Let us question J. Lacan further, who tells us, “There is no sexual relationship,” as if to drive the nail in even deeper! And he is quite right! He is telling us, once again, that what brings two subjects together is the unconscious fantasies of each! Even in the sexual act during which familiar persons collide, each one is led elsewhere by their unconscious. This encounter, however, powerfully experienced, is not one at all. The two partners find themselves, yet again, in a fundamental difference stemming from the utterly unique desire of each: their two desires will never meet. Hence a permanent feeling of frustration leading to reproaches addressed to the other person for not understanding, not satisfying, not knowing how to love, etc. It is very comforting to convince oneself of the complementarity of two partners. Again, everything is just fantasized desire, always distant, inaccessible. The love relationship only exists in uncertainty and wandering. Quite mad is the one who is persuaded of its perfection or even completeness, its adequacy. An unbridgeable abyss separates the desires of one and the other.

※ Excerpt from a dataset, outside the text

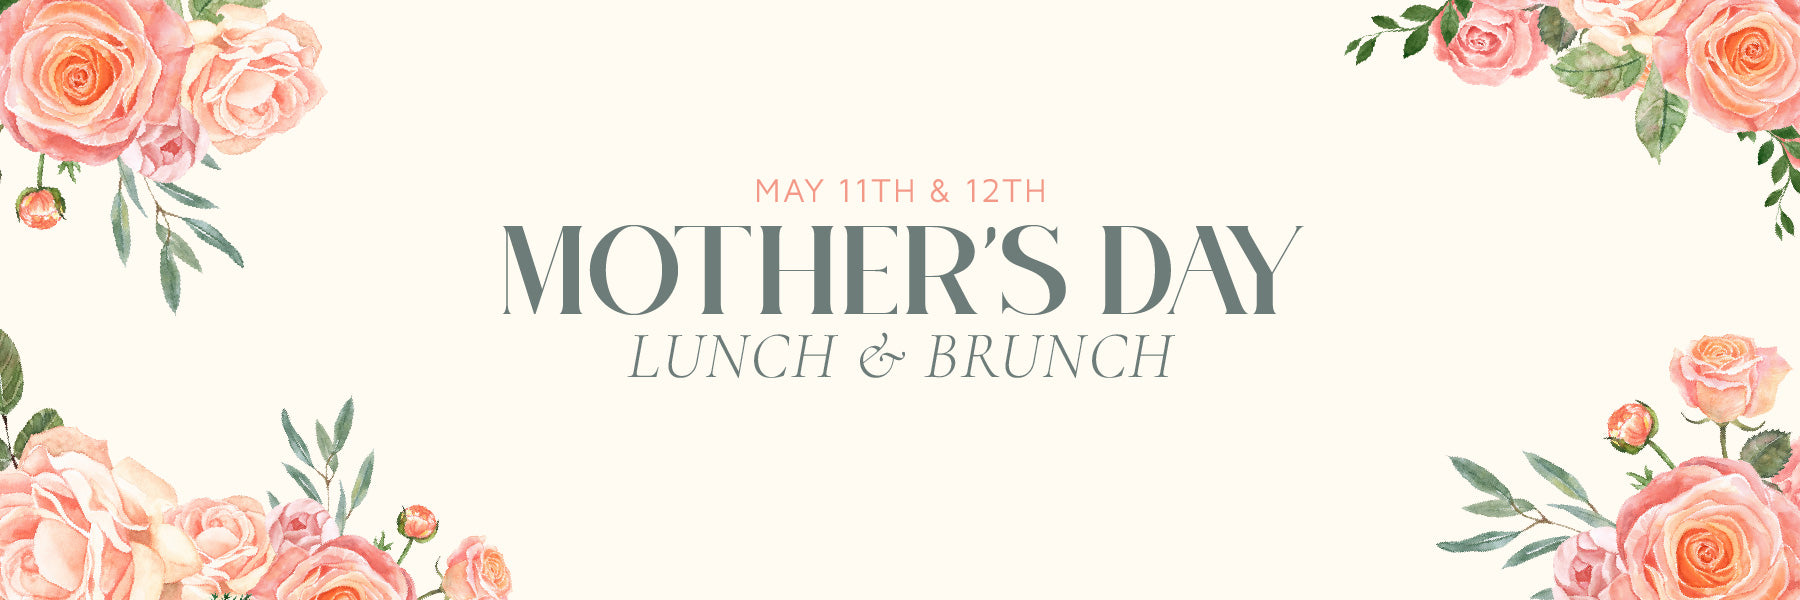 Mother's Day Brunch and Lunch. May 11th and 12th at The Tea House on Los Rios in San Juan Capistrano
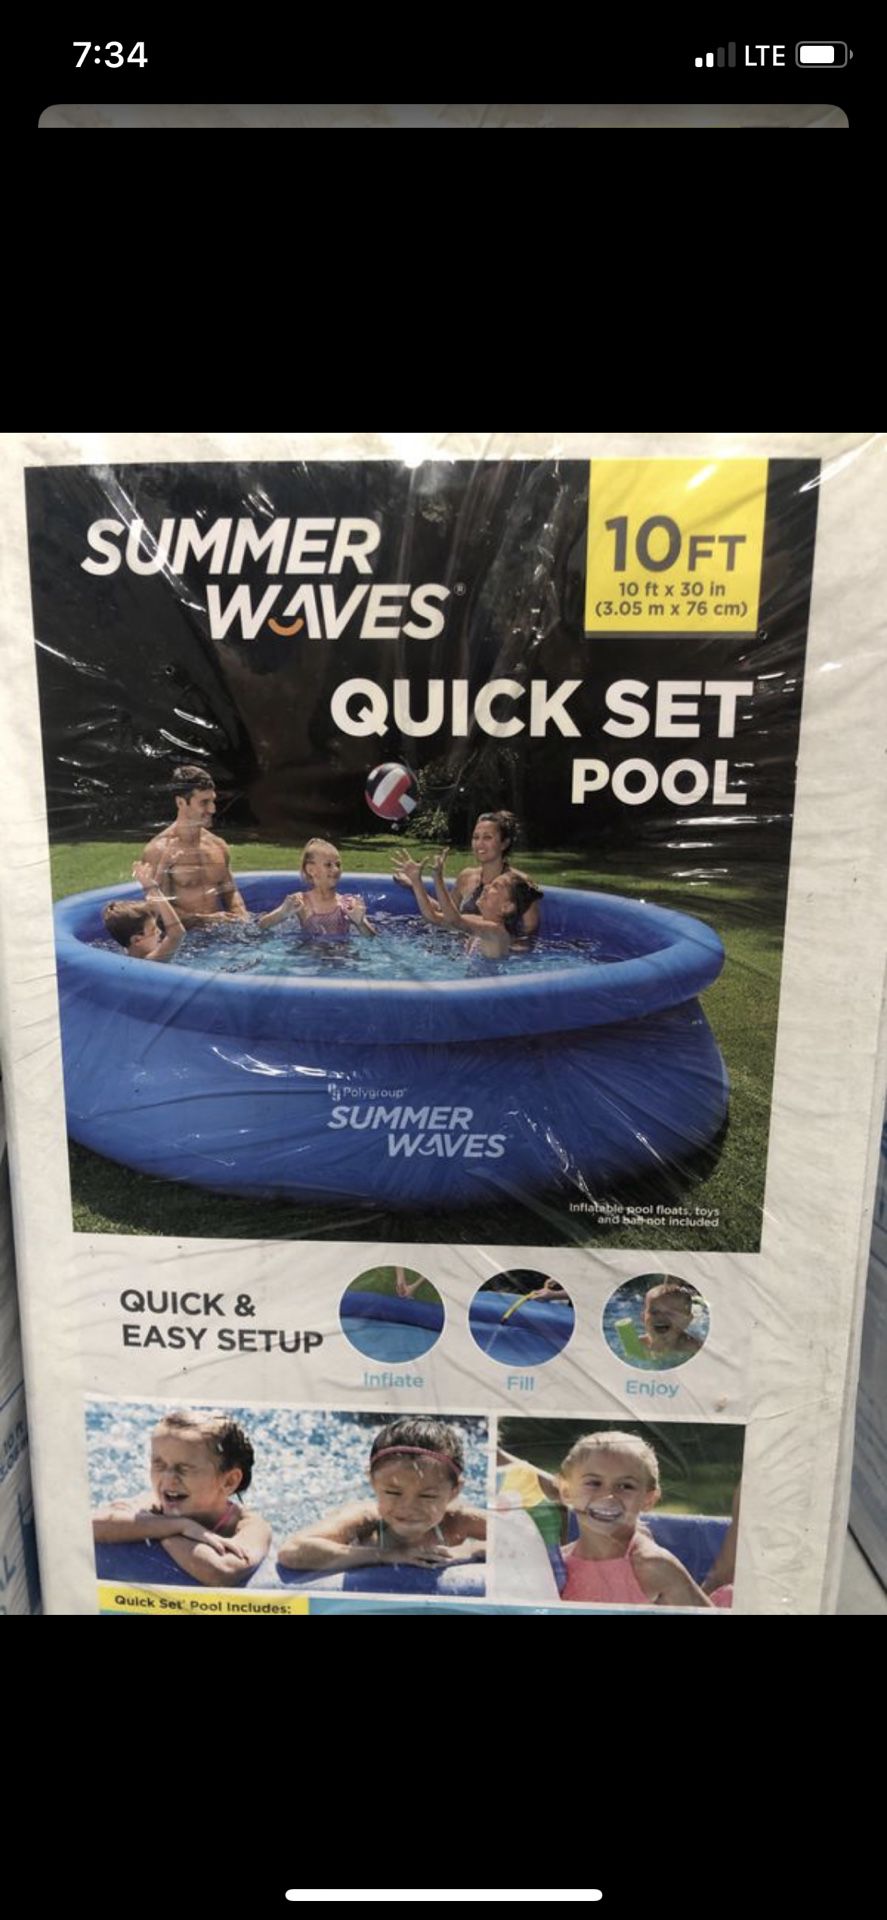 Summer Waves 10’x30”Above Ground Inflatable Ring Pool W/Filter,Pump Brand New

But on the occasion of the feast of love, I would not want to be a killjoy and end this article with the frustrating statement that love does not exist! On the contrary, love exists. It was there when two gazes penetrated each other. That was the moment of all ecstasies (“There, all is only order and beauty, luxury, calm and voluptuousness,” says the poet), the moment when fantasies were satisfied, of fullness, of total happiness. Alas, it was so ephemeral: it only lasted three or four months. Then it faded away. And ever since, one keeps searching for it again. At one point, one thinks one has found the one whom one would like to adore, “whom one was searching for in the rain, whom one guessed in a fleeting glance, between words, between lines and beneath the makeup of an oath made up to spend the night” (Léo Ferré), it hurts, one gets up with bruises, and heads off again towards the quest for the lost object, an endless quest.

Beware: do not stop on any account, for this moment of pure blissful ecstasy is the one that will convince you that yes, love exists, I encountered it for a moment, a short moment that is worth continuing to persevere. This short space of time will console you in advance for the inevitable disillusions to come, and will spur you on to desperately seek the key to the front door leading to intimate reunions.